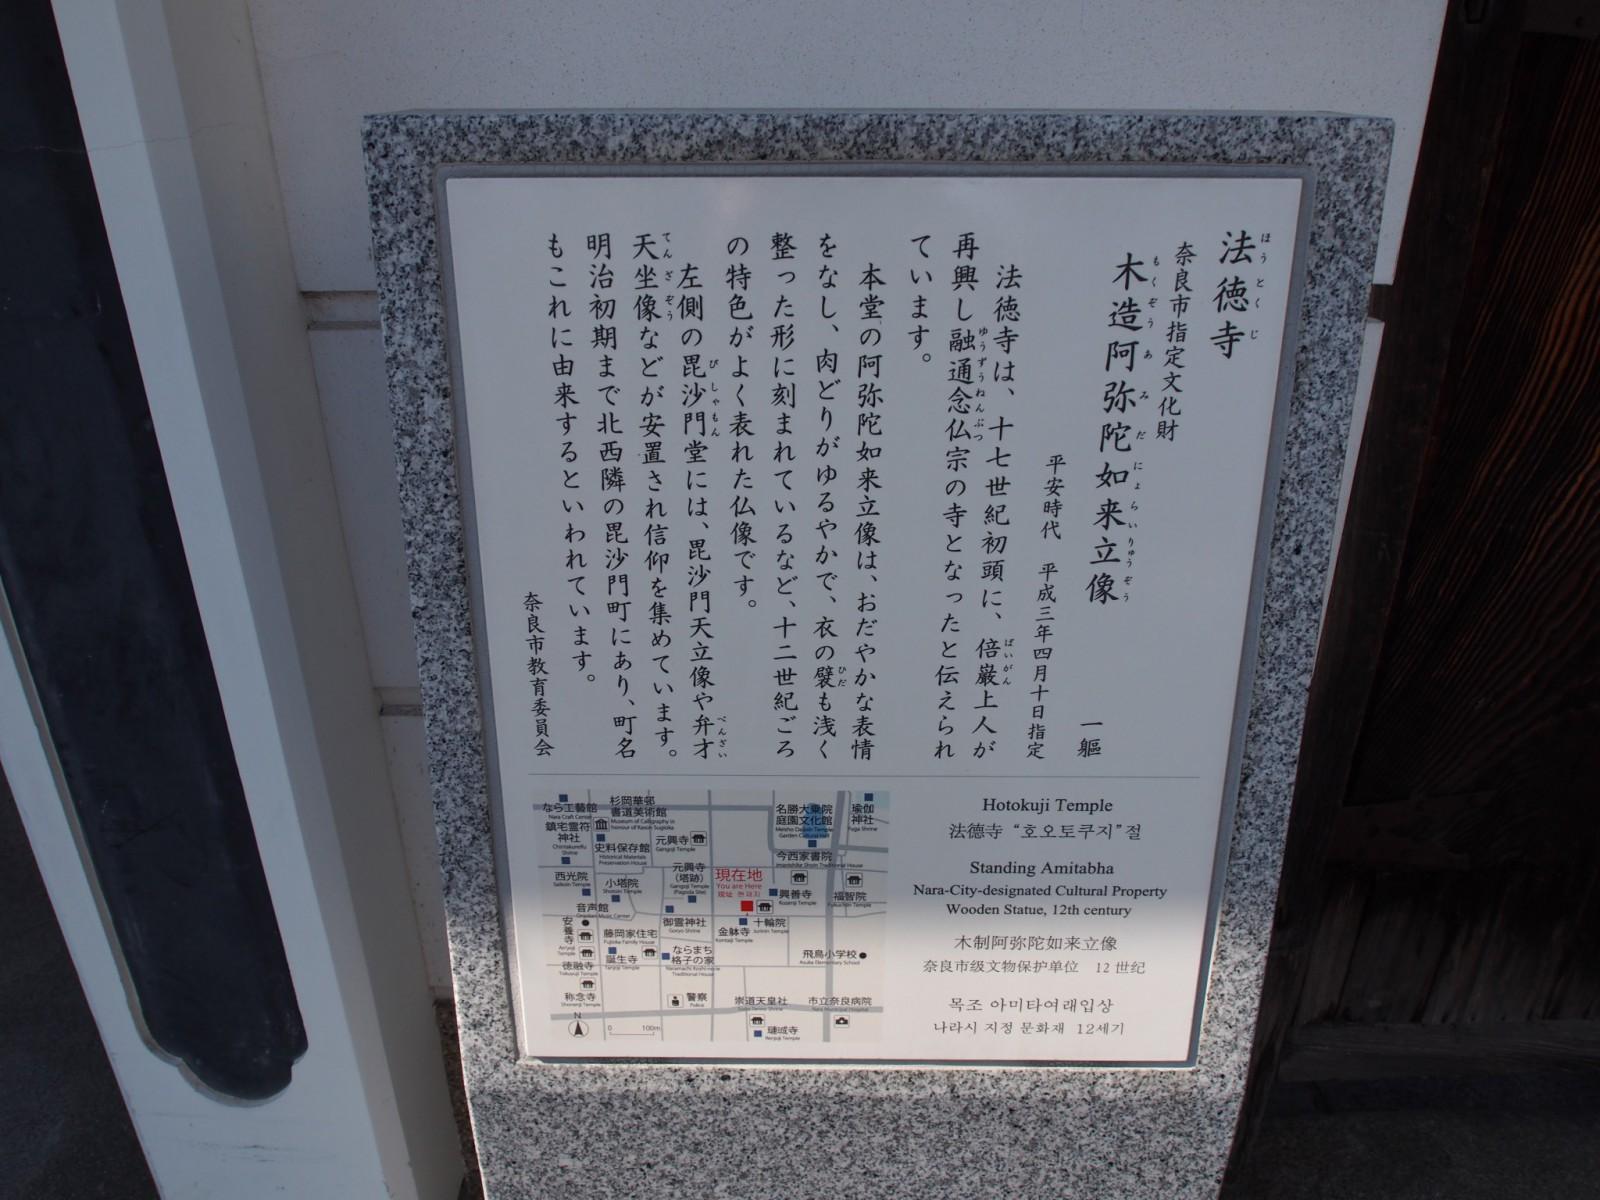 法徳寺の案内板(奈良)
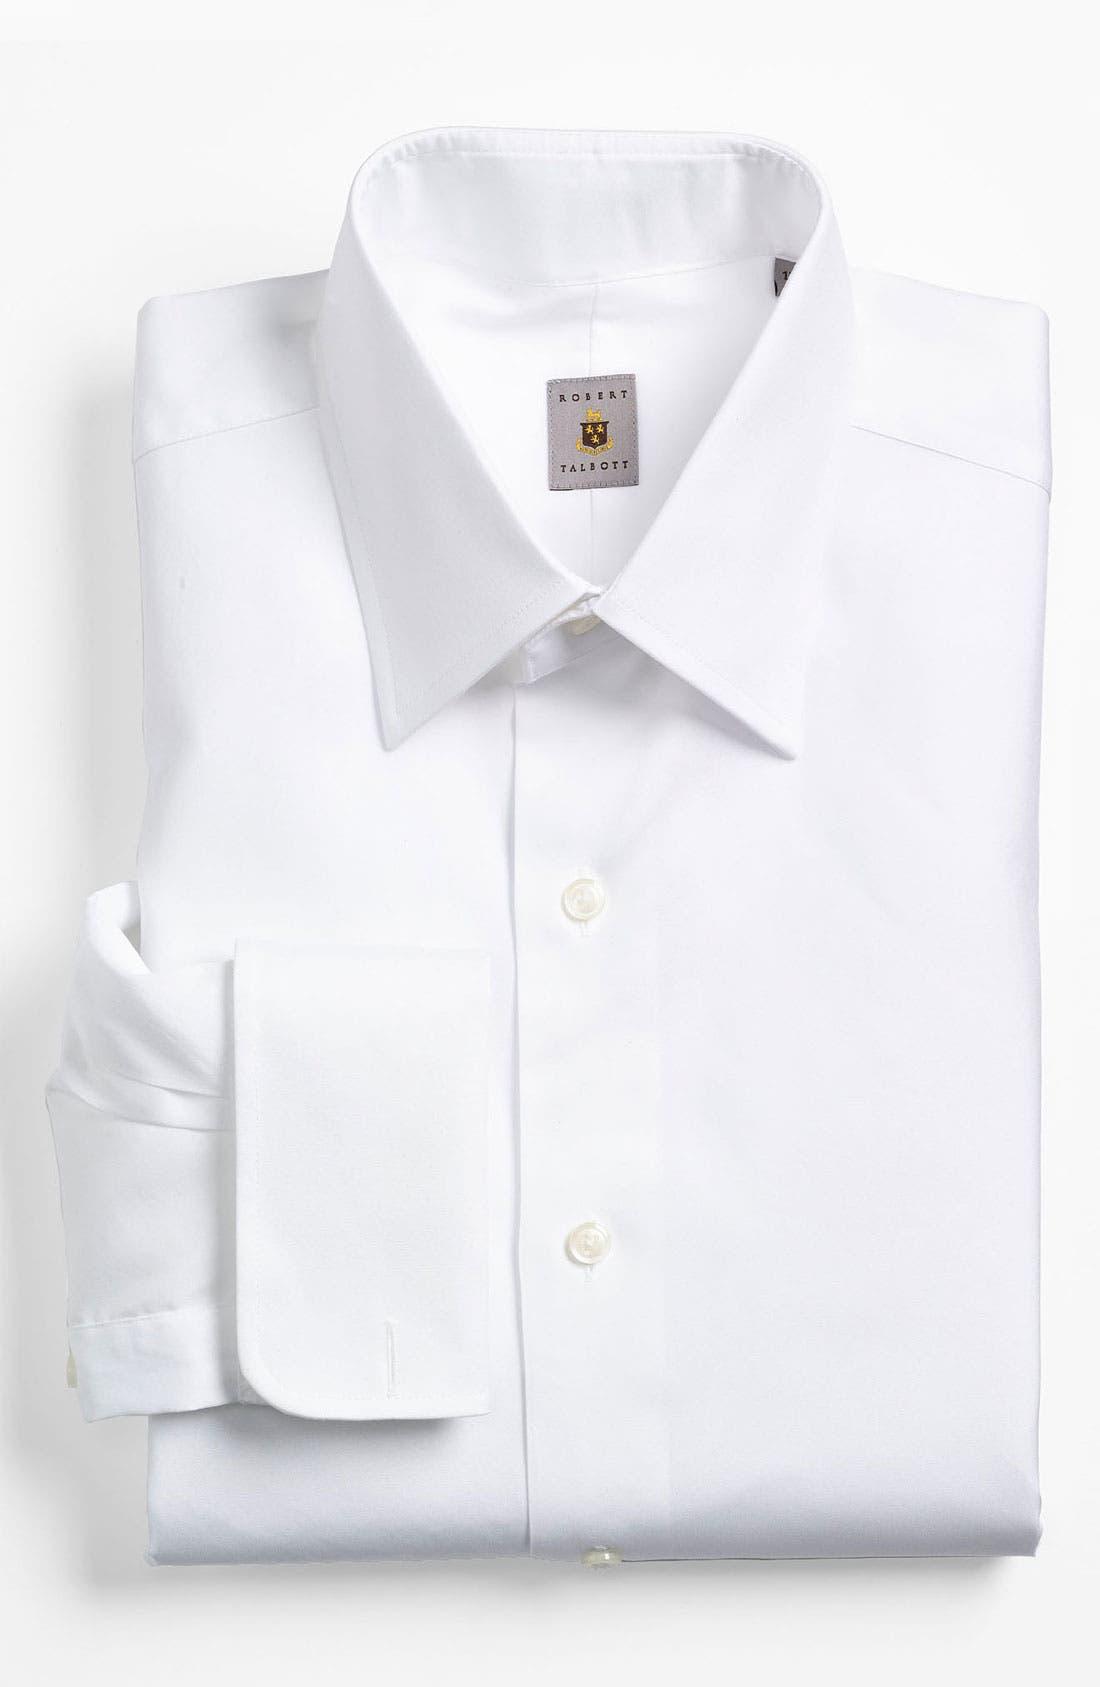 Robert Talbott Classic Fit Tuxedo Shirt (Online Only)
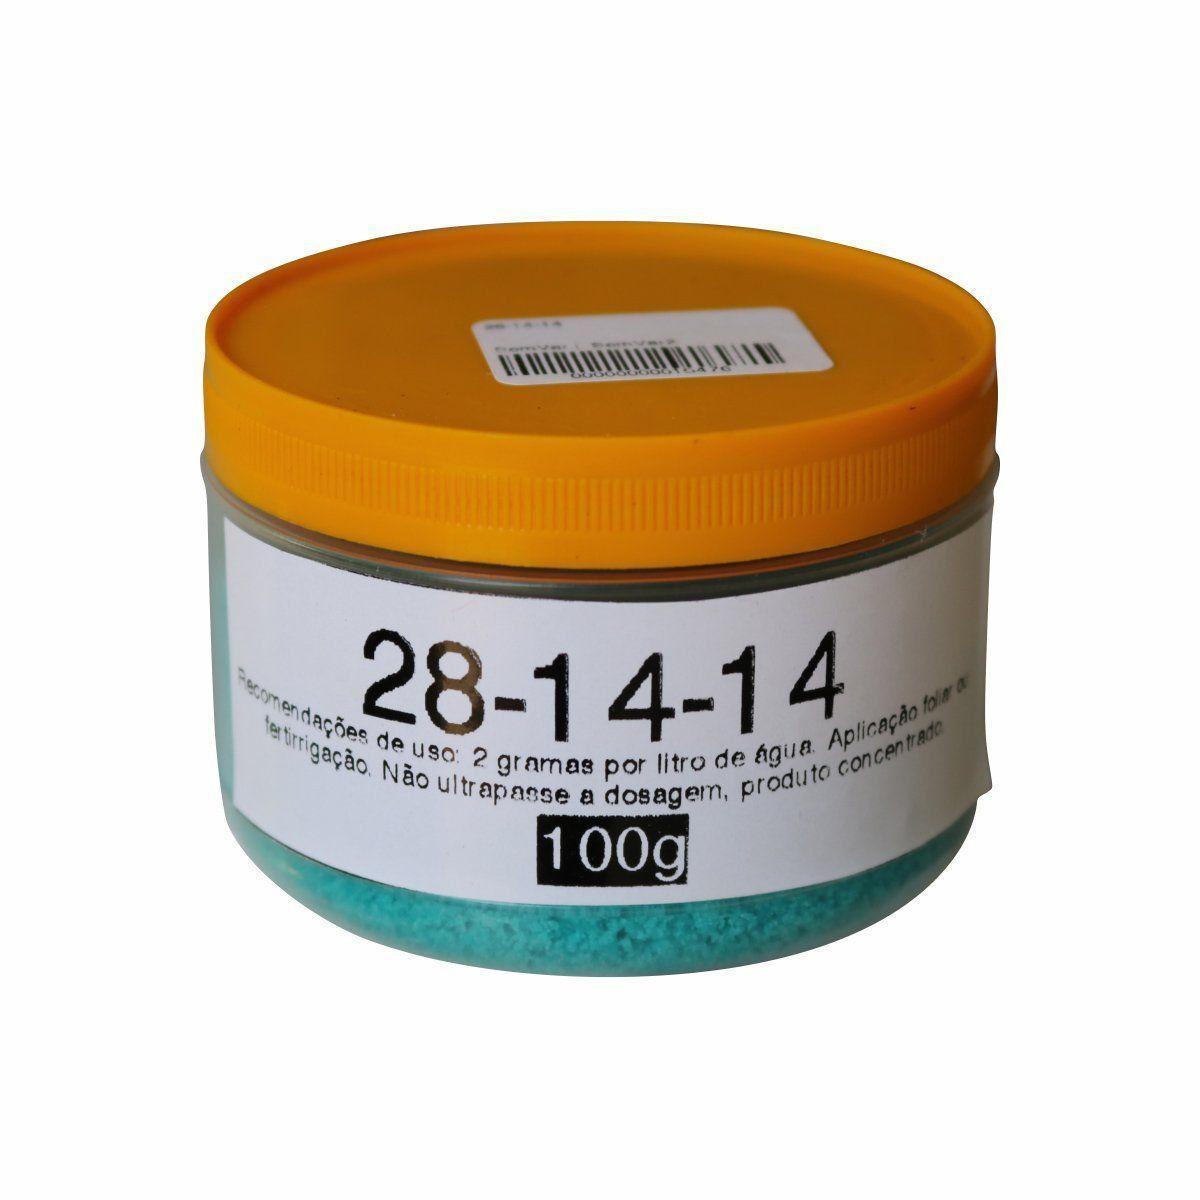 Fertilizante Plant-Prod 28-14-14 100g Foliar ou para Fertirrigação

# # # # #

**Directions for this task**
Retype the whole listing. Keep every word exact but include no pictures.

**Output of the task**
 法徳寺の案内板(奈良)
 Robert Talbott Classic Fit Tuxedo Shirt (Online Only)
 Fertilizante Plant-Prod 28-14-14 100g Foliar ou para Fertirrigação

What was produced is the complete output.